Just curious...can he sit up yet?? My son was a big baby, too, although not QUITE as big as yours.

He was 21.5 lbs. @ 5 months, but he could sit up independently, so I would put him in the cart for part of the time, sling him for part of the time (he never liked the sling until I could hip-carry him), and now that he's older, he also walks for part of the time.

That way, I'm not carrying him for long periods of time.

For the cart, I got a Sani-shopper, which I love! I use a pouch sling.

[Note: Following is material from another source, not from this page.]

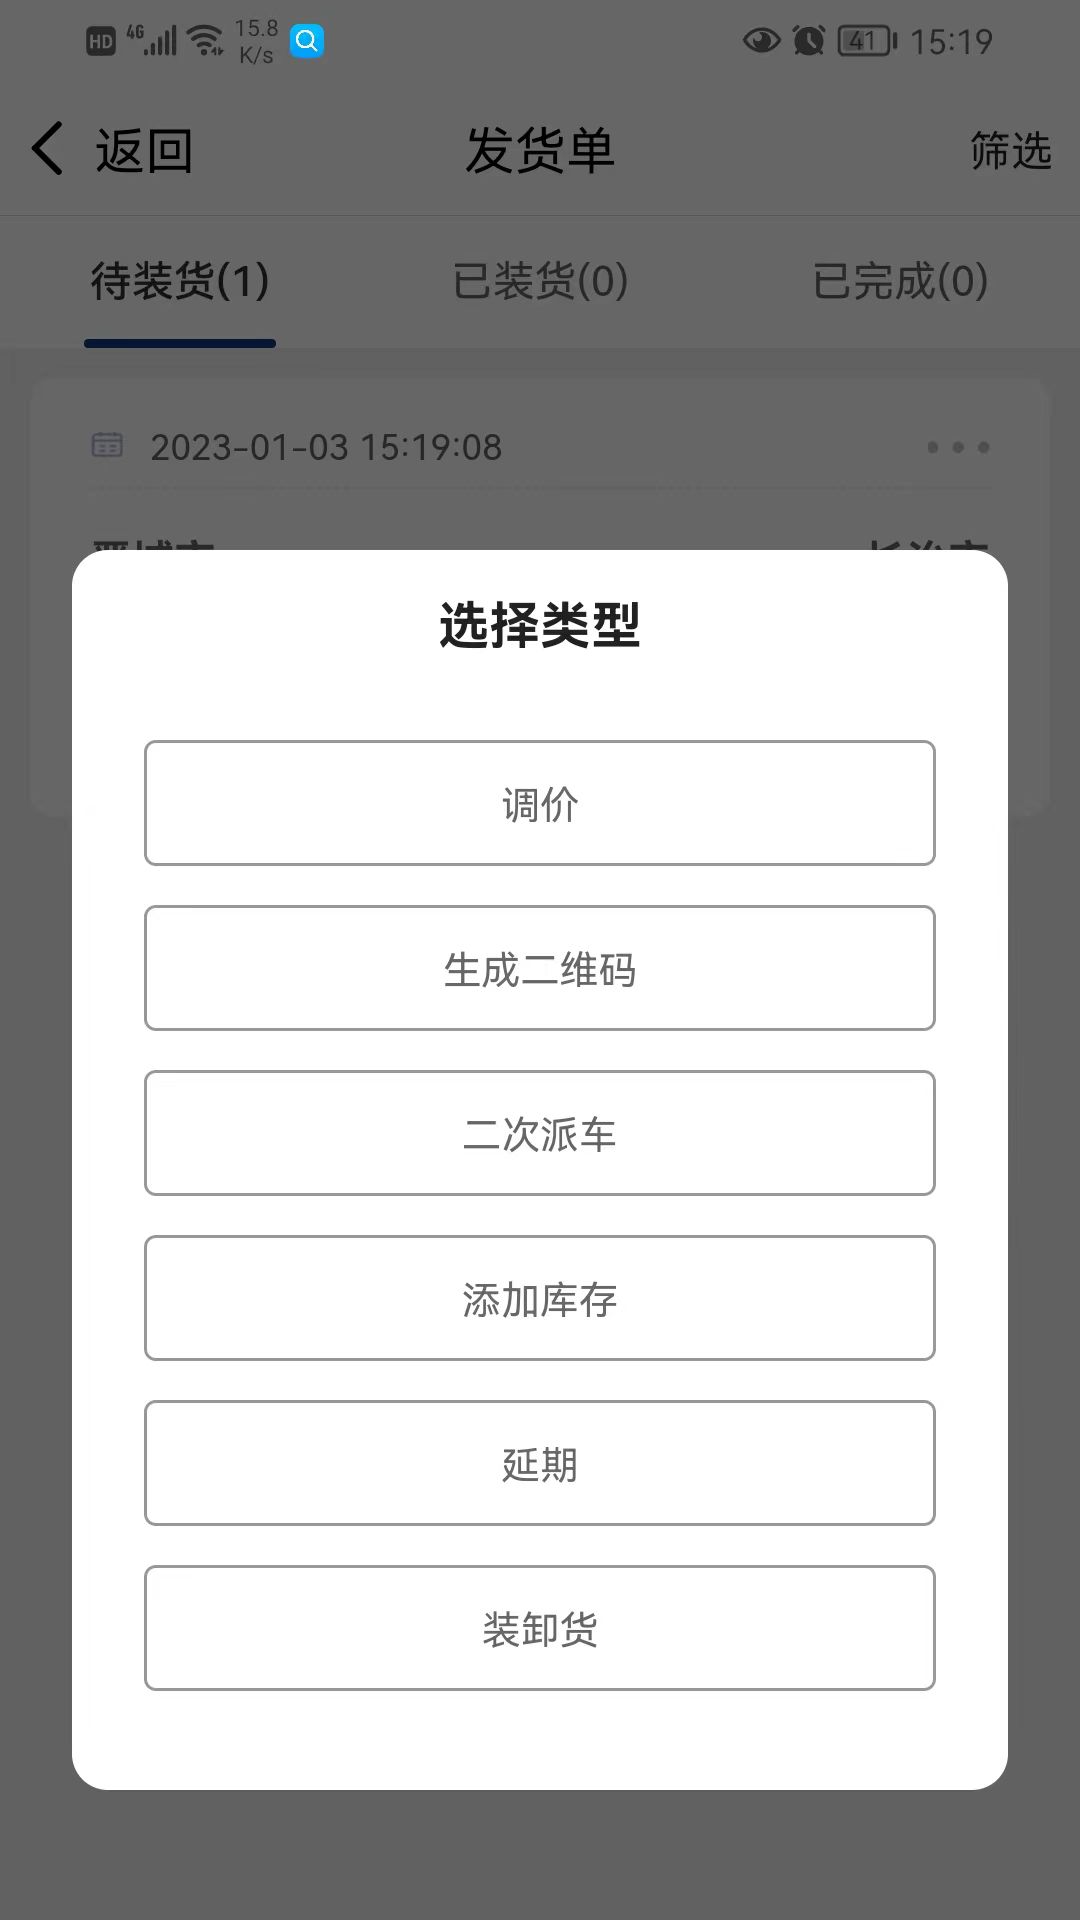 南阳煤业承运端app下载_南阳煤业承运端app软件v1.0.17 运行截图1
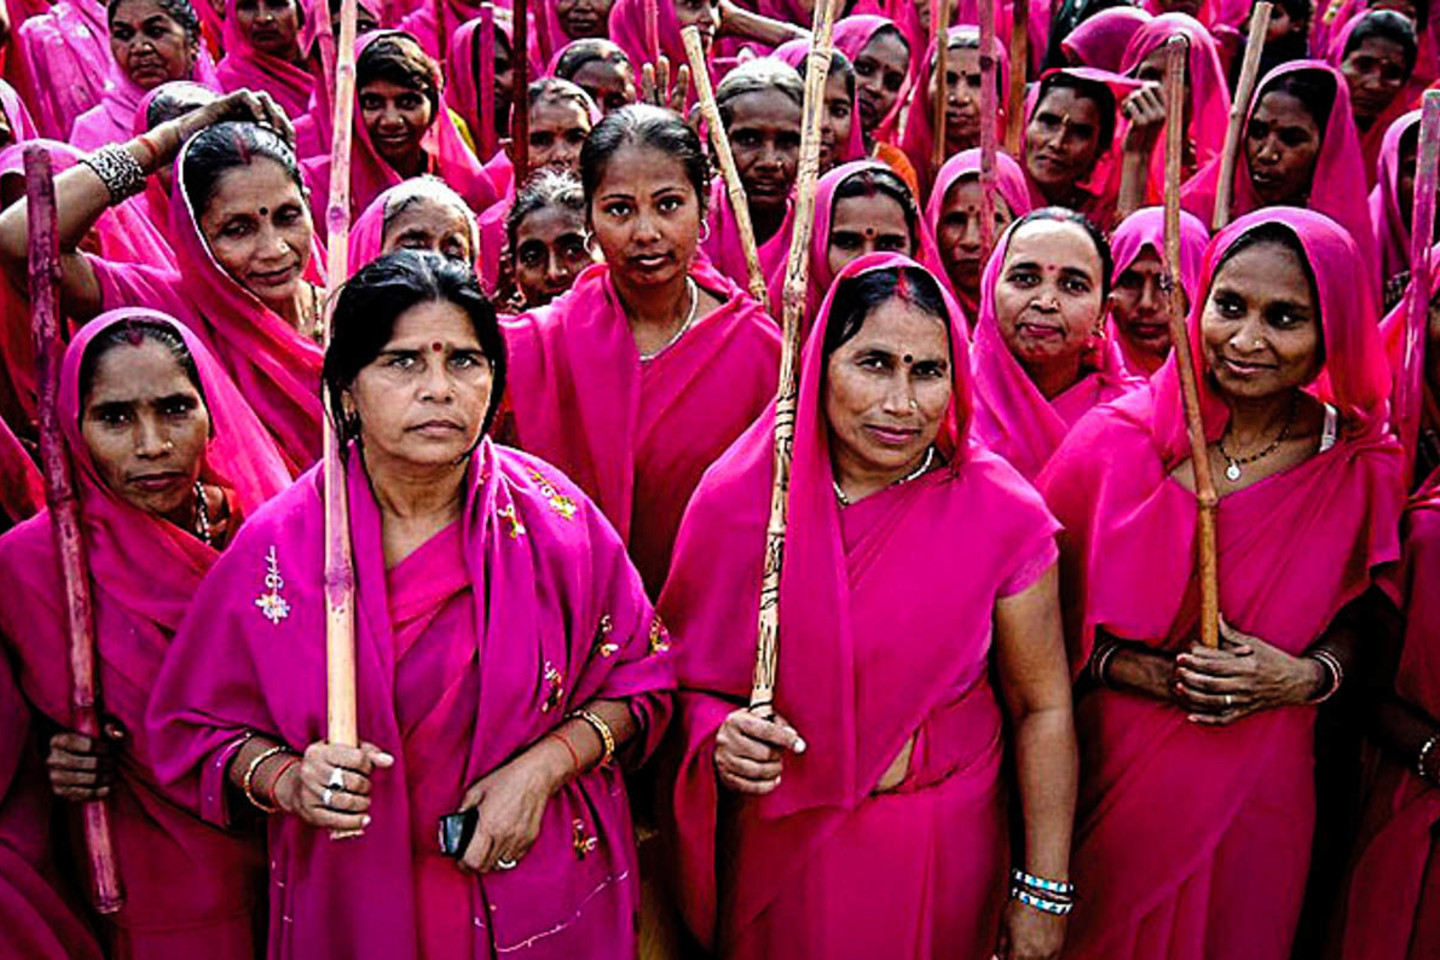  Į rožinės spalvos sarius įsisupusios aktyvistės Indijoje kovoja prieš moterų diskriminavimą ir smurtą šeimoje.

Just a side note, though....I have recently been using the sling on top of my winter coat, and the extra padding makes SUCH a difference! So, next time, I think I will try a padded sling. I think it would really help for big babies!


----------



## Leilalu (May 29, 2004)

Do you nurse? I am assuming you do....?

I would always get sore when ds needed to nurse. I also have shoulder/neck pains though, so I feel ya!

First off, your ds will most likely thin out a bit in the next few months. So don't give up completely on the pouch!Just make sure you get a good fit. If the sling is too big, pain will ensue. If it is not folded out, or spread evenly across the shoulder, you will feel pain. I still can carry ds 21/2 in a pouch sling, but I built up the muscles over the course of 4 years. SO it is possible, but takes perseverance. I love pouches.

A couple questions:

How long have you been babywearing?
How does your sling fit?

I can't personally use a back carrier for long with ds's weight as I have built up the muscles for front/side carry, and the back carry hurts my shoulders and neck. But I would suggest a mei tei or ergo if you want to go that route. Otherwise, if we can determine if your sling fits correctly, that may help you a lot


----------